We found that the relationship between CC and the risks of all-cause mortality and cardiovascular is more significant in CKD patients who are younger than 65 years, females, and with a BMI below 25 kg/m². CC may exhibit a positive association with a decreased frailty index and enhanced functional performance in older individuals33. Elderly patients with CKD, particularly those undergoing dialysis, are susceptible to malnutrition16. However, we found that patients younger than 65 years had a higher mortality risk, potentially attributable to more severe PEW in this younger cohort, which may trigger mitochondrial dysfunction and needs further investigation. Research conducted by Cao et al.40 found that middle-aged and older women exhibit greater susceptibility to sarcopenia than men, as estrogen deficiency may impair anabolic sensitivity and accelerate muscle protein catabolism41. BMI is another crucial health indicator. Multiple studies indicate that older adults with lower BMI face higher risks of sarcopenia42,43, which in line with our study. This may be attributable to nutritional resource depletion and chronic inflammation in low-BMI individuals, whereas obesity confers protective metabolic reserves44. The above findings suggest that CC should be regularly assessed in specific populations to monitor nutritional status, and corresponding nutritional intervention measures, such as diet adjustment, increased protein intake, and appropriate physical activity, should be taken to reduce the risks of cardiovascular and mortality.

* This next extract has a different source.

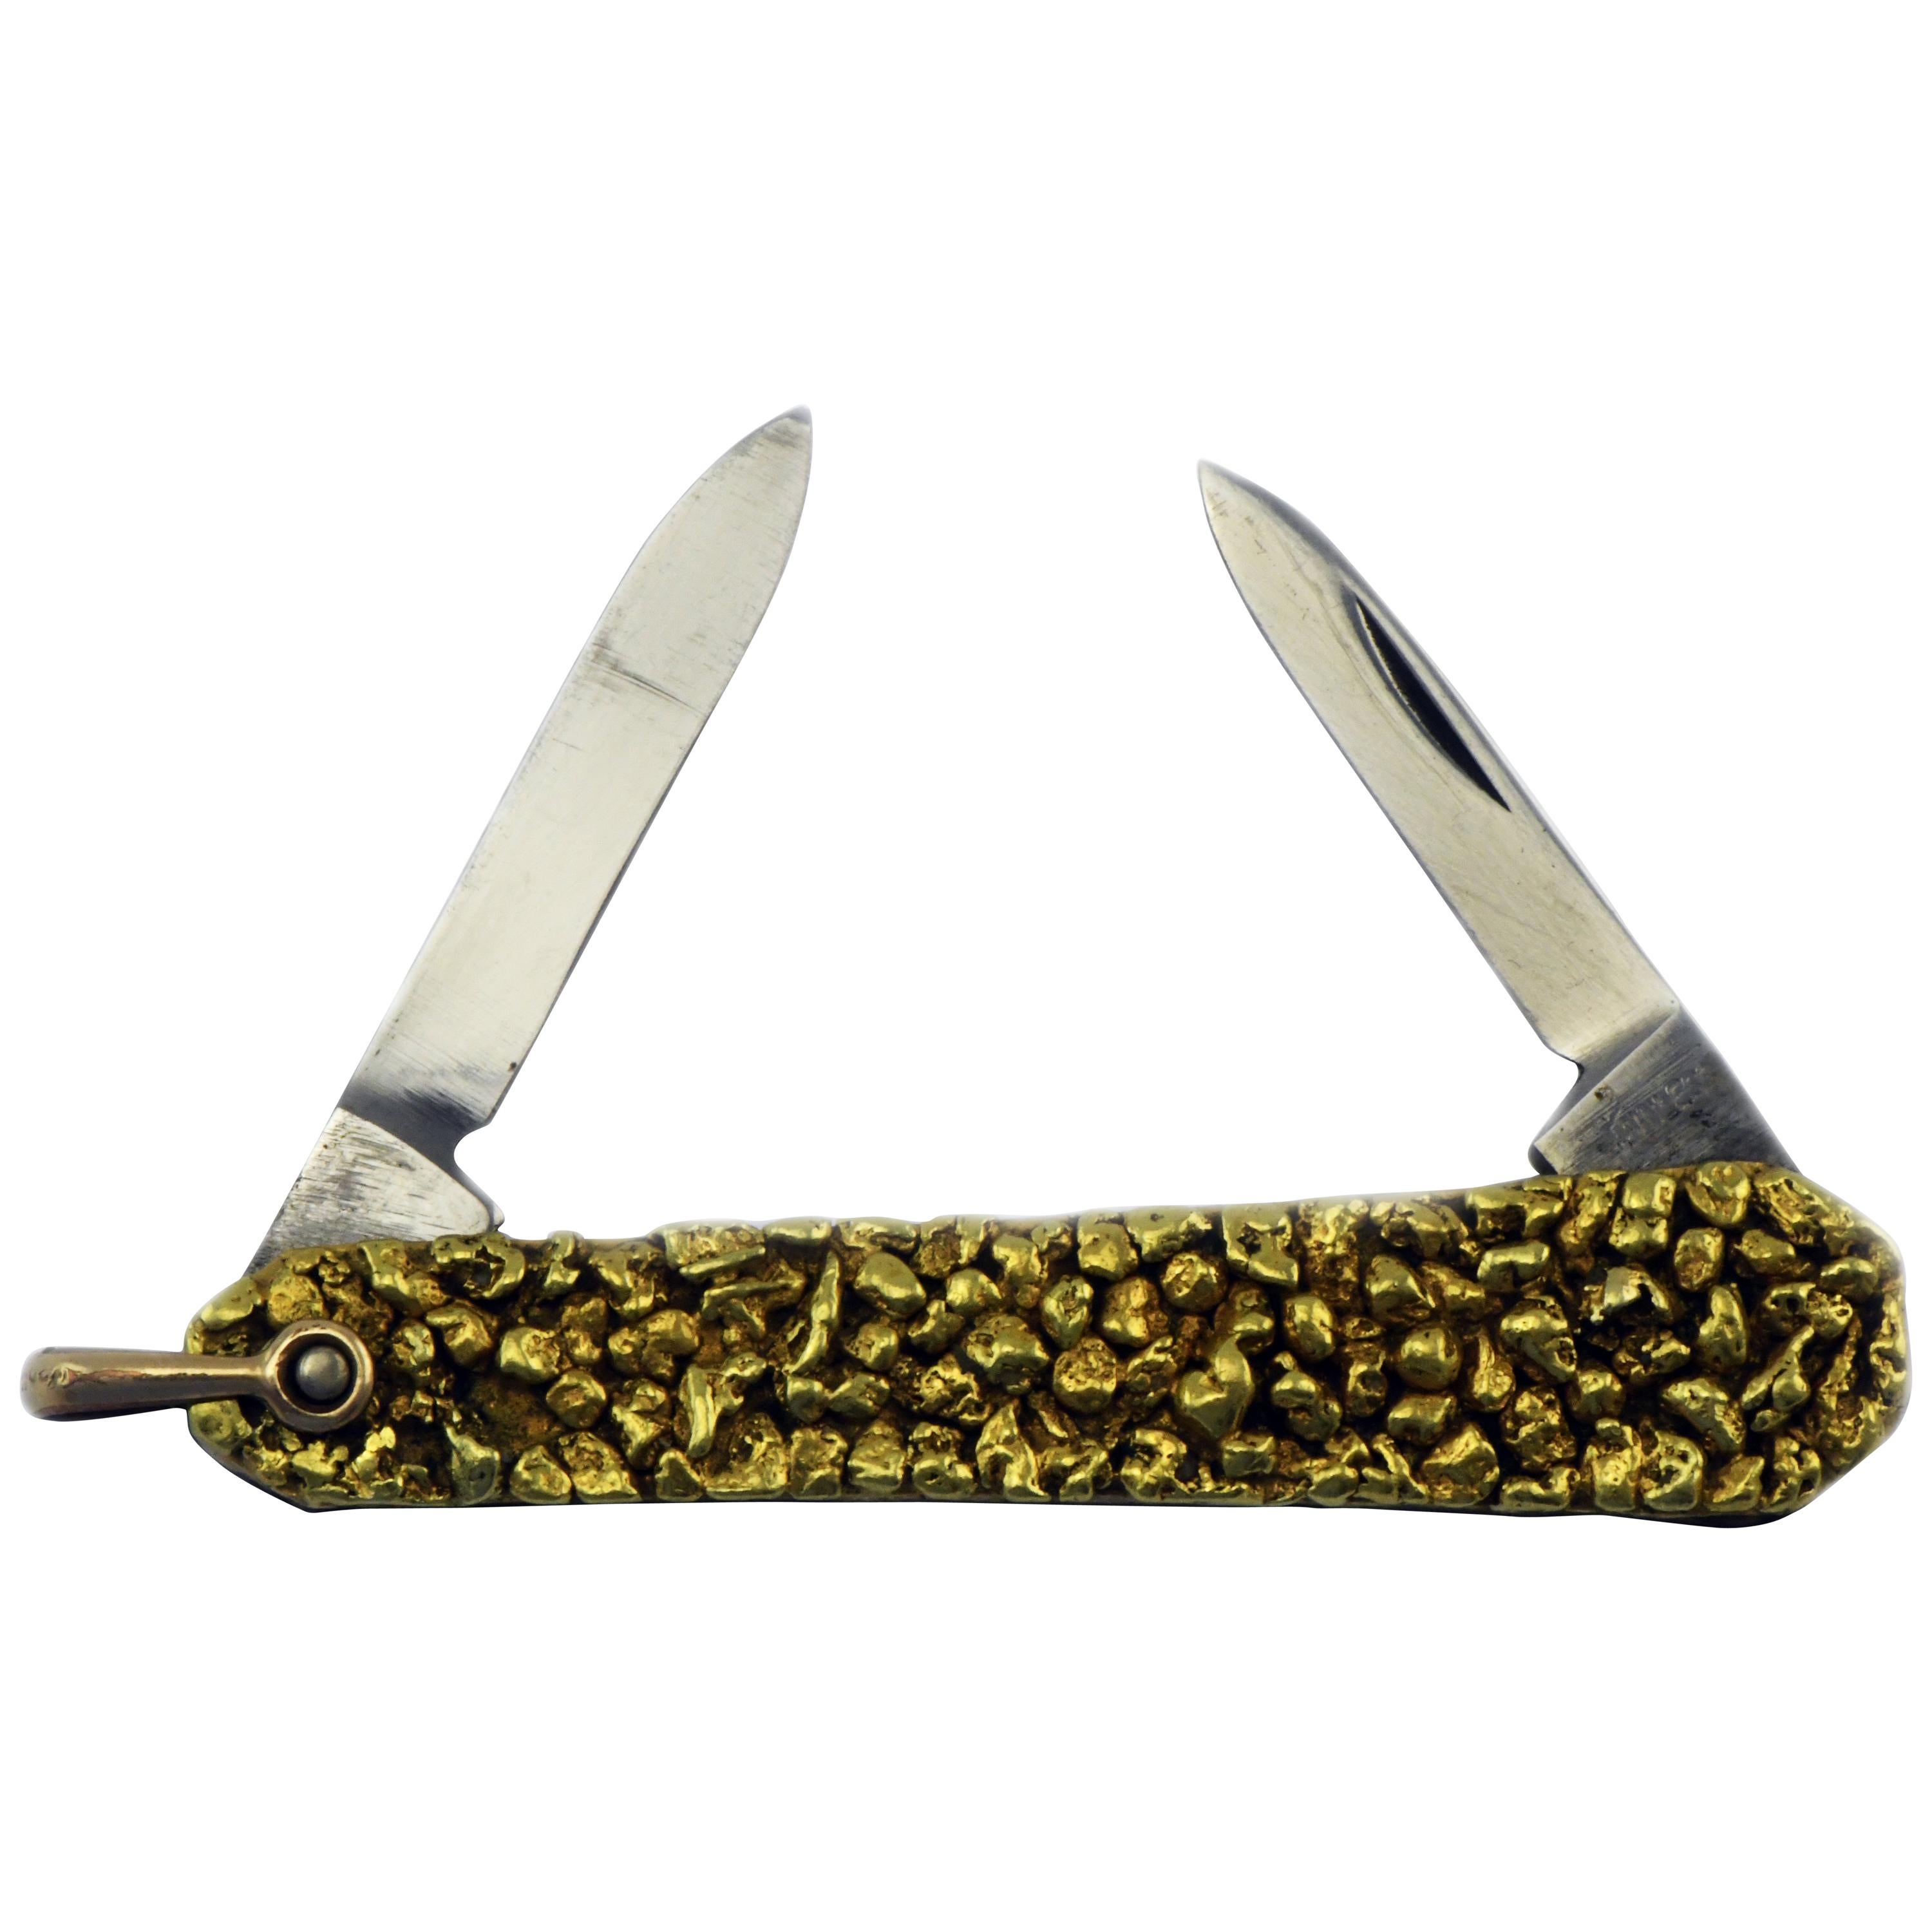 22 Karat Gold Alaskan Nugget Cluster on Swank Double Blade Folding Pocket Knife For Sale
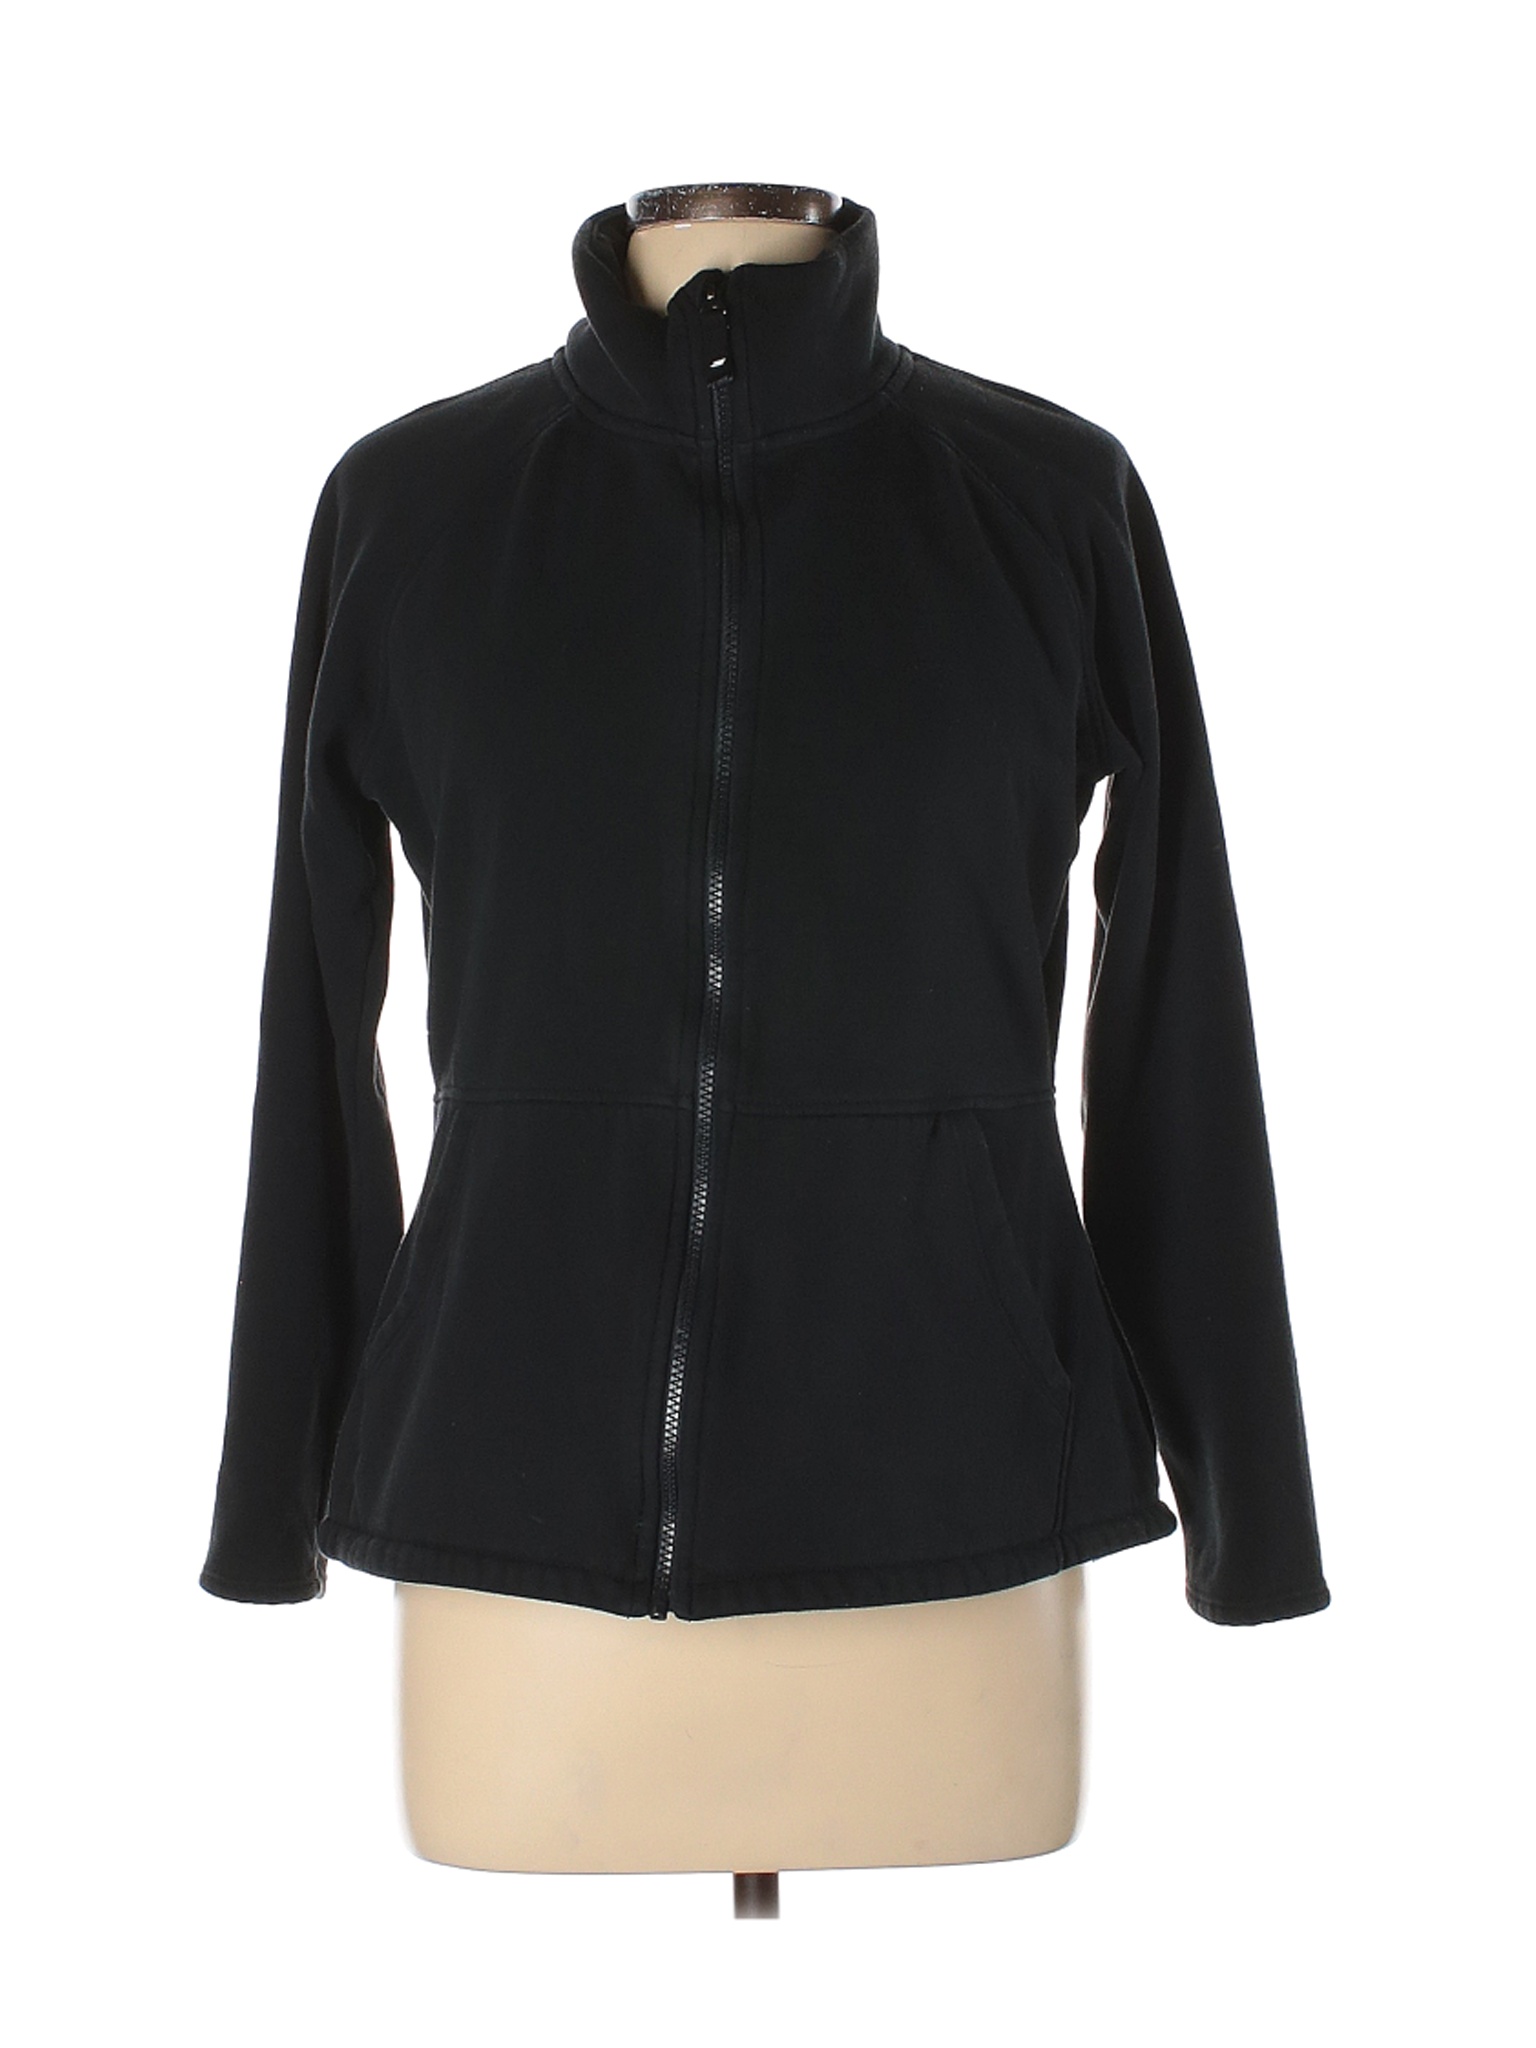 Skechers Women Black Jacket L | eBay

Our study has some advantages. Firstly, it leverages the extensive and nationally representative sample of the NHANES database, ensuring robust statistical power and external validity for the research findings. Secondly, our study unveils the correlation between CC and both all-cause mortality and cardiovascular among patients with CKD. Secondly, we adhered to standardization principles, meticulously adjusted covariates to minimize bias, applied stratified and sensitivity analyses to deeply explore variable relationships, and established segmented effects and identified threshold values. However, there are also several limitations. Firstly, the data primarily depend on self-reporting, potentially introducing information bias, and the study cohort is largely comprised of young Americans, thereby restricting the global applicability of our findings. Secondly, our data collection was confined to baseline CC data, neglecting any temporal variations. Thirdly, as an observational study, reverse causality cannot be ruled out, where participants with lower baseline calf circumference may have had pre-existing health deterioration that contributed to both muscle loss and increased mortality. Lastly, we are unable to establish causality, which hampers our capacity to further evaluate associations. Despite these constraints, our study still adds value to the existing knowledge base, and there is a pressing need for more extensive data collection and research in the future to further validate and elucidate these relationships.

Conclusion

Our research revealed that a reduced CC is correlated with a poorer prognosis in CKD and CC may serve as an effective predictive tool for assessing the prognosis in patients with CKD stages 3–5 in the United States. Furthermore, the relationship between CC and the risk of all-cause and cardiovascular death exhibits nonlinear characteristics. Future large sample sizes and well-designed prospective studies should further investigate intervention measures targeting CC management, to improve the clinical prognosis of CKD patients.